### ABOUT THIS EXERCISE
For every line in the material, output its text exactly and exclude any image it holds.
------ INFORMATION PROVIDED ------
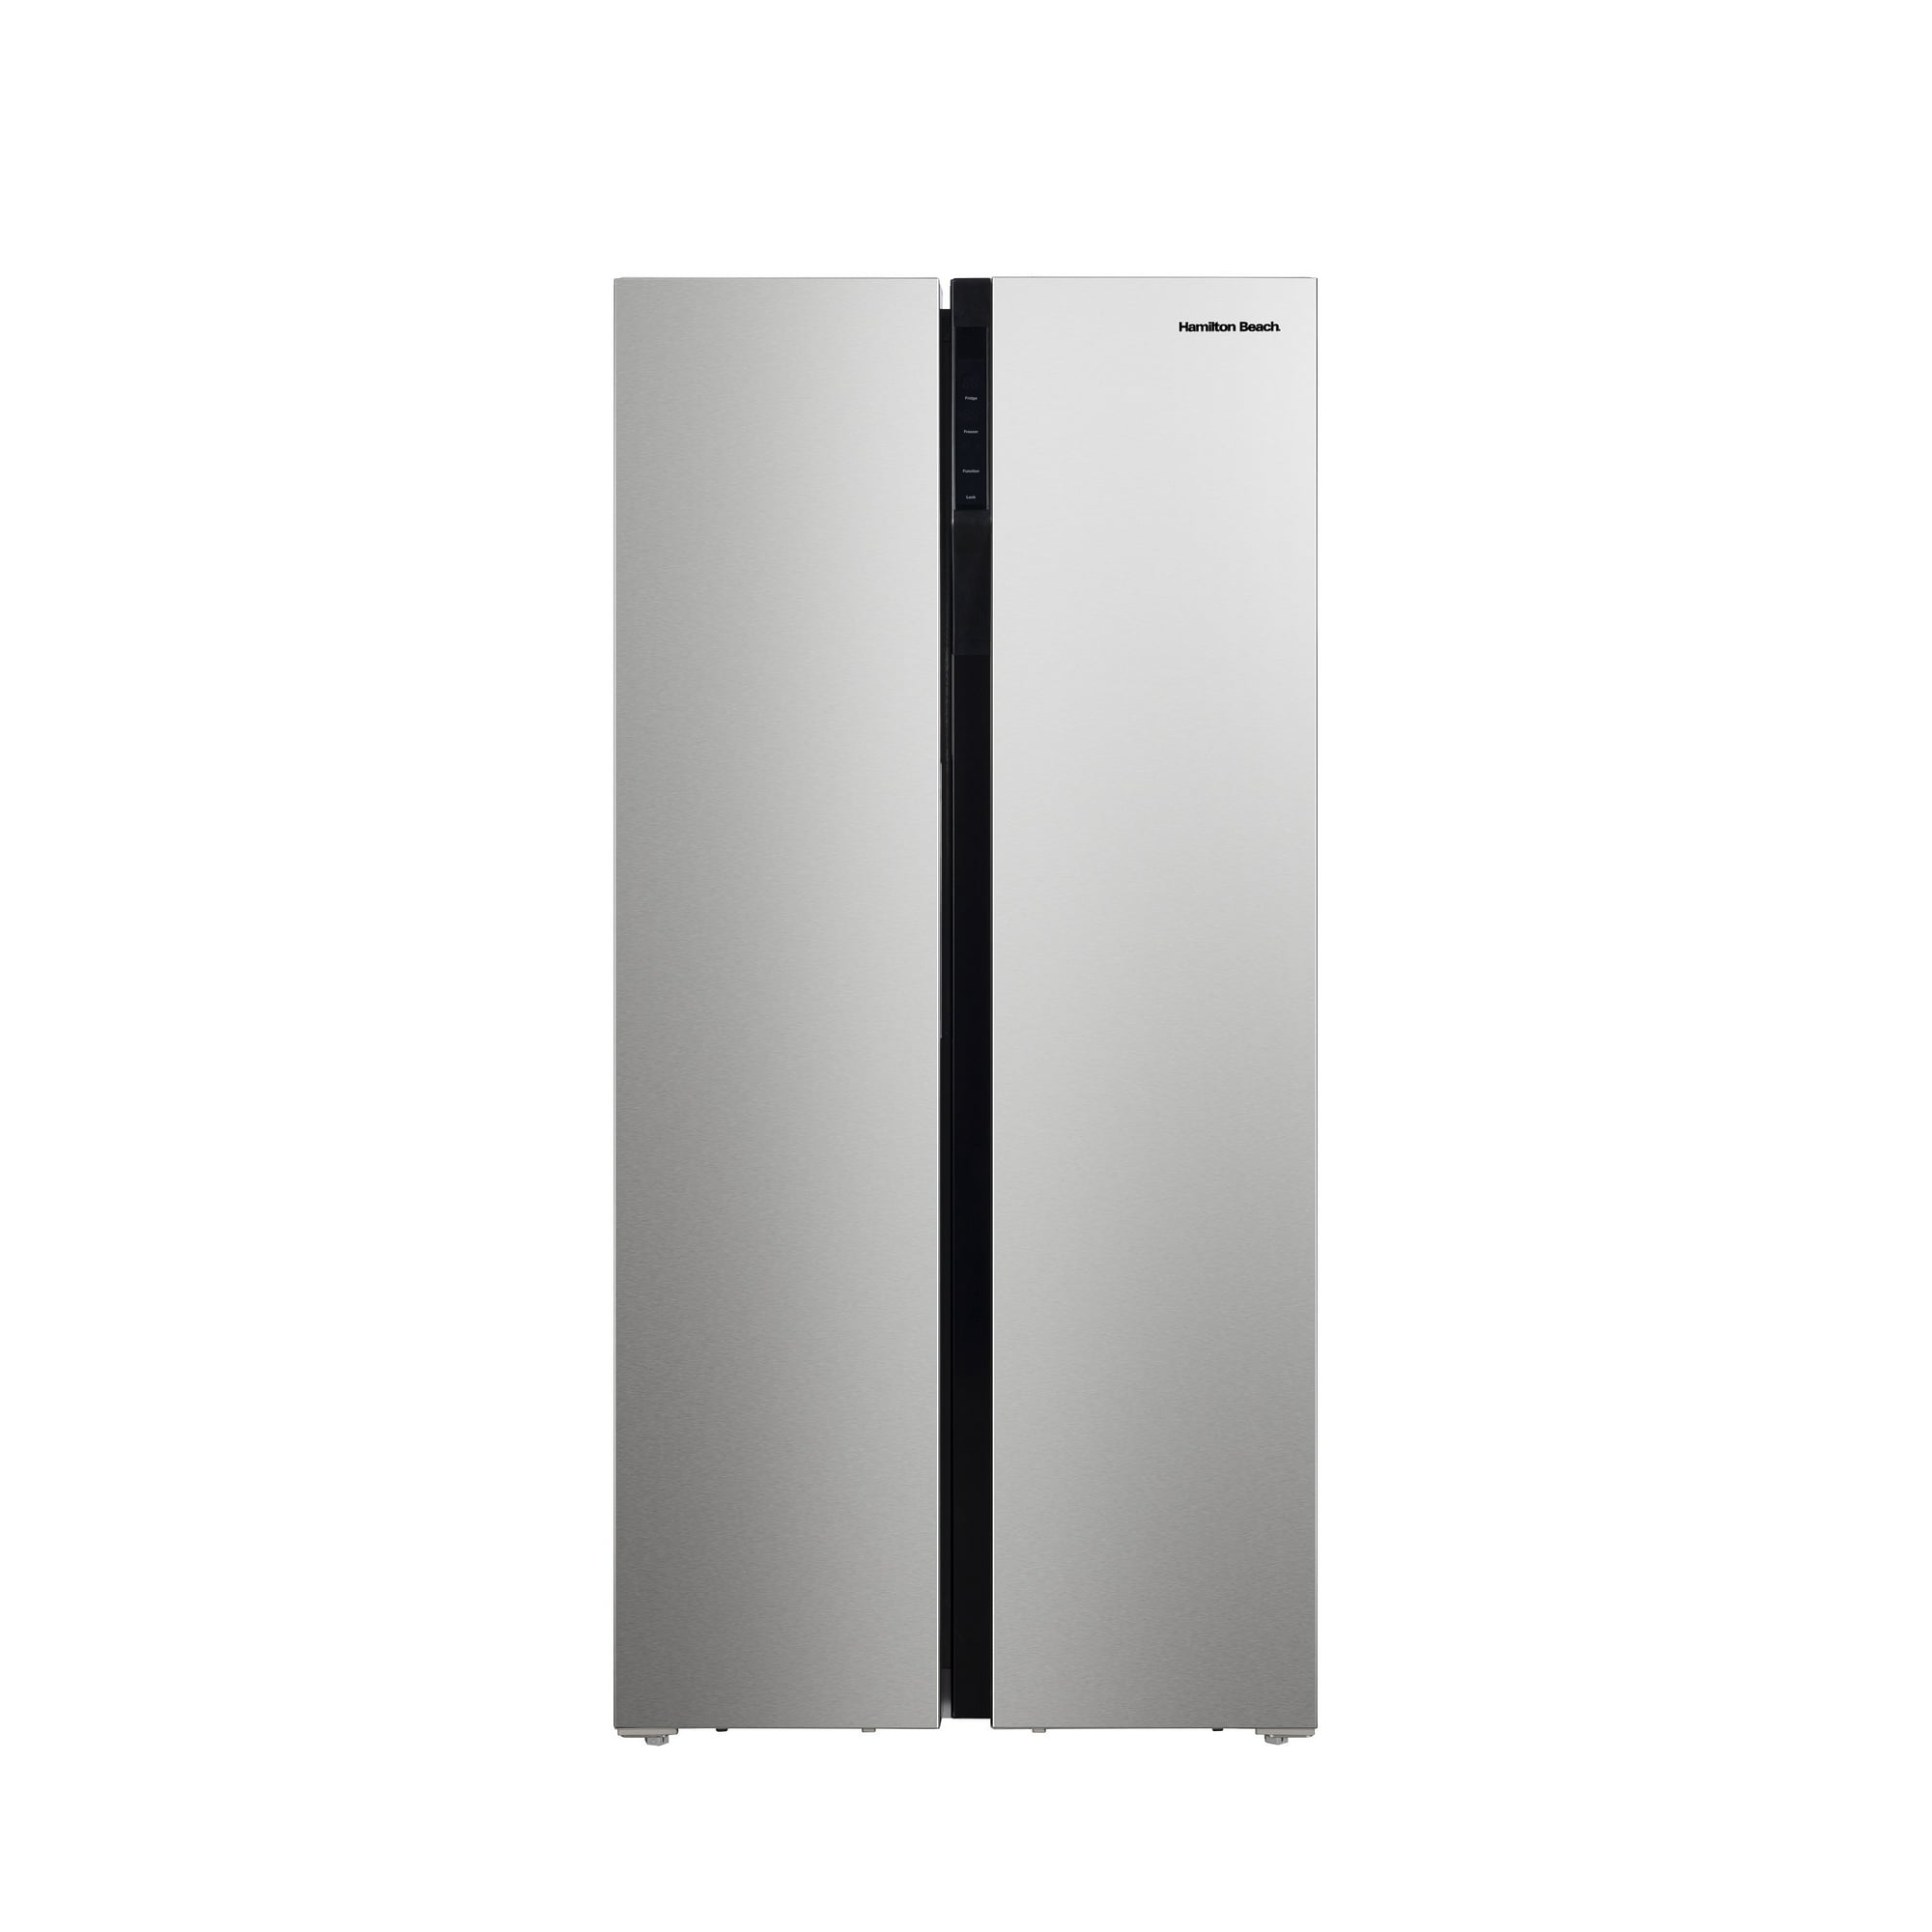 20.6 cu. Ft. Hamilton Beach Side-by-side Stainless Refrigerator $874 incl. S&H
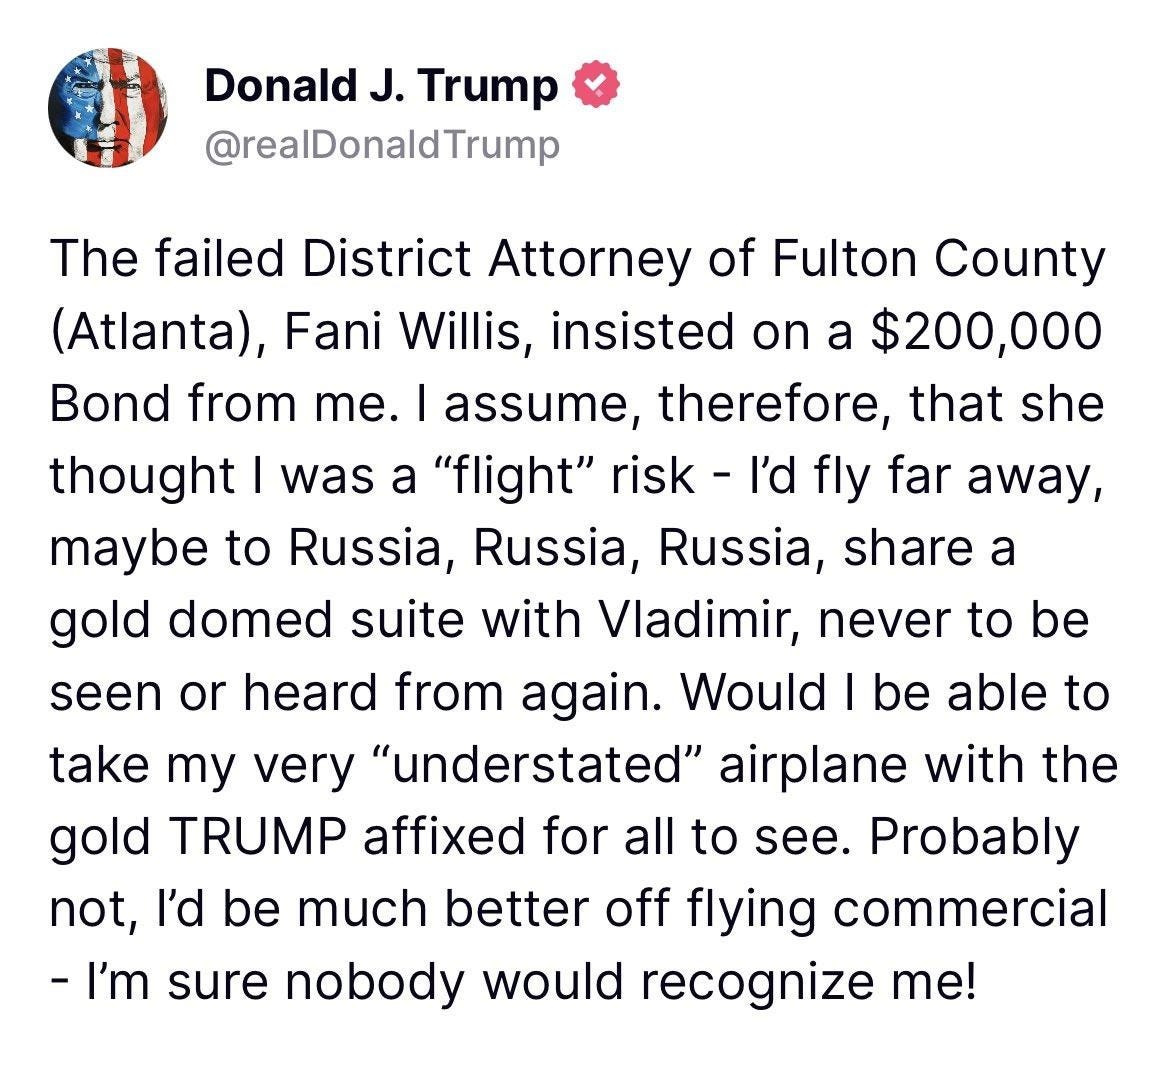 A Trump post reading: "The failed District Attorney of Fulton County (Atlanta), Fani Willis, insisted on a $200,000 Bond from me. I assume, therefore, that she thought I was a "flight" risk - I'd fly far away, maybe to Russia, Russia, Russia, share a gold domed suite with Vladimir, never to be seen or heard from again. Would I be able to take my very "understated" airplane with the gold TRUMP affixed for all to see. Probably not, I'd be much better off flying commercial -- I'm sure nobody would recognize me!
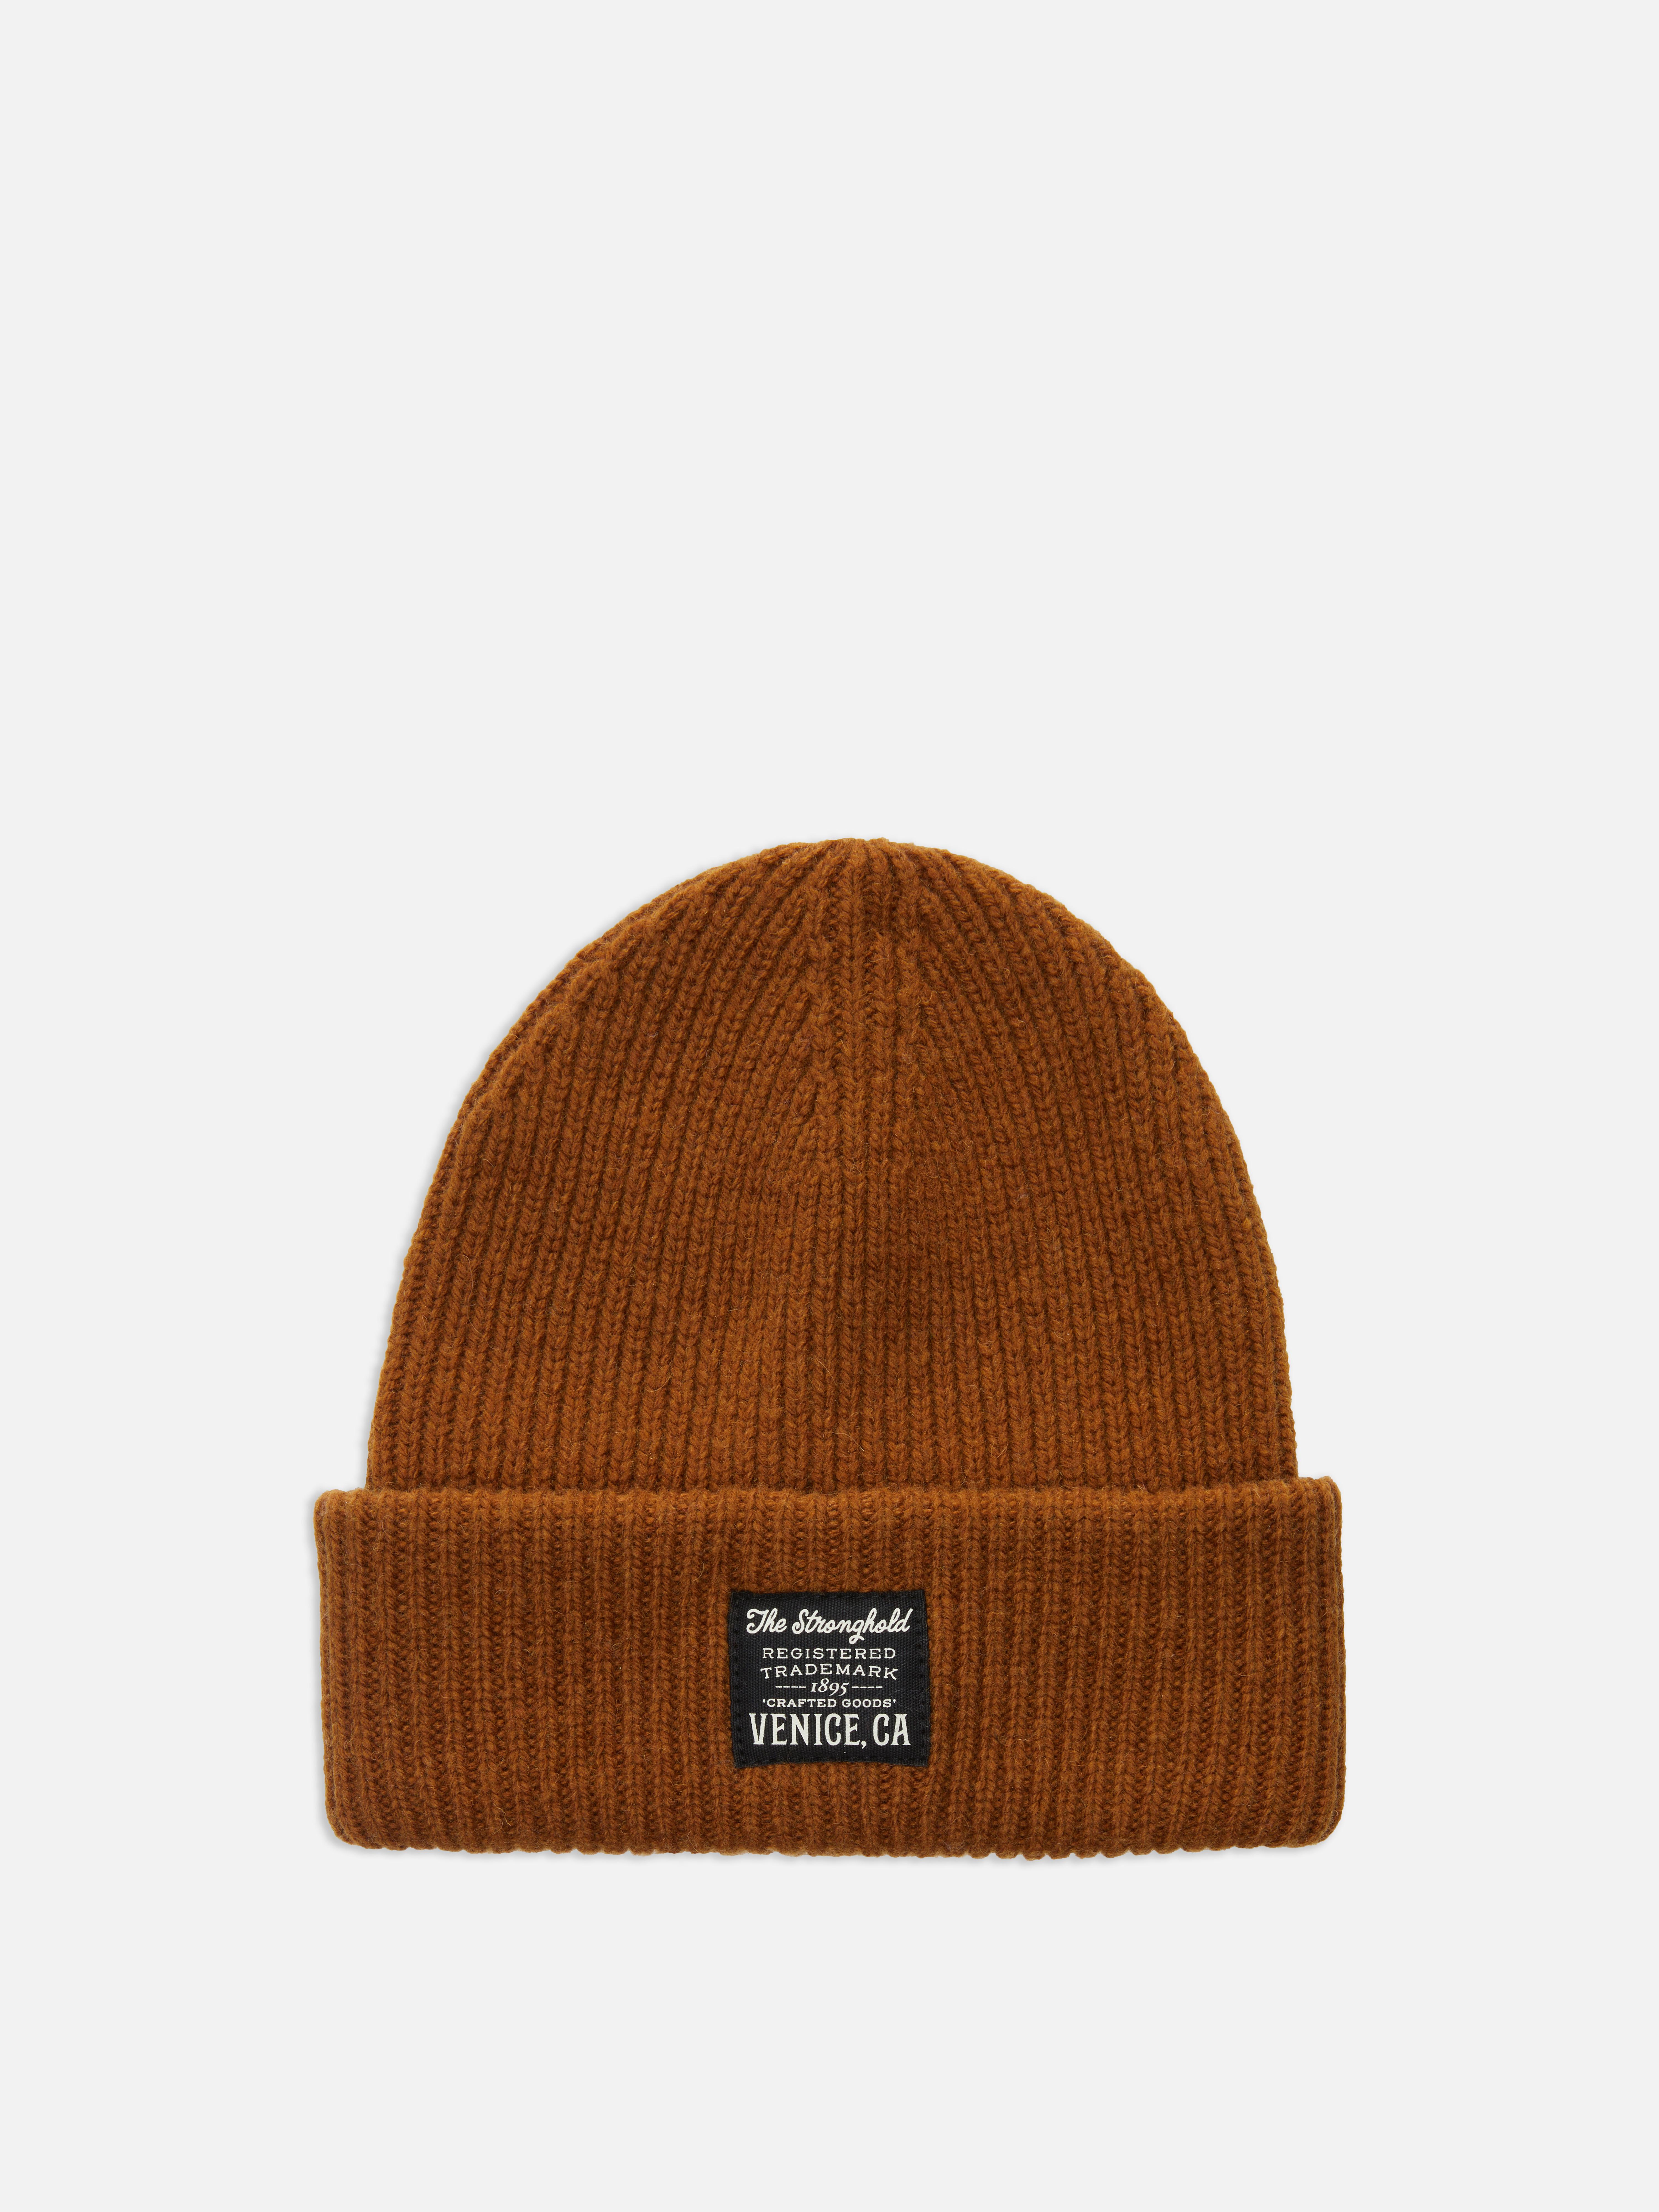 The Stronghold Beanie
------
### RESULT FOR THIS TASK
 20.6 cu. Ft. Hamilton Beach Side-by-side Stainless Refrigerator $874 incl. S&H
 A Trump post reading: "The failed District Attorney of Fulton County (Atlanta), Fani Willis, insisted on a $200,000 Bond from me. I assume, therefore, that she thought I was a "flight" risk - I'd fly far away, maybe to Russia, Russia, Russia, share a gold domed suite with Vladimir, never to be seen or heard from again. Would I be able to take my very "understated" airplane with the gold TRUMP affixed for all to see. Probably not, I'd be much better off flying commercial -- I'm sure nobody would recognize me!
 The Stronghold Beanie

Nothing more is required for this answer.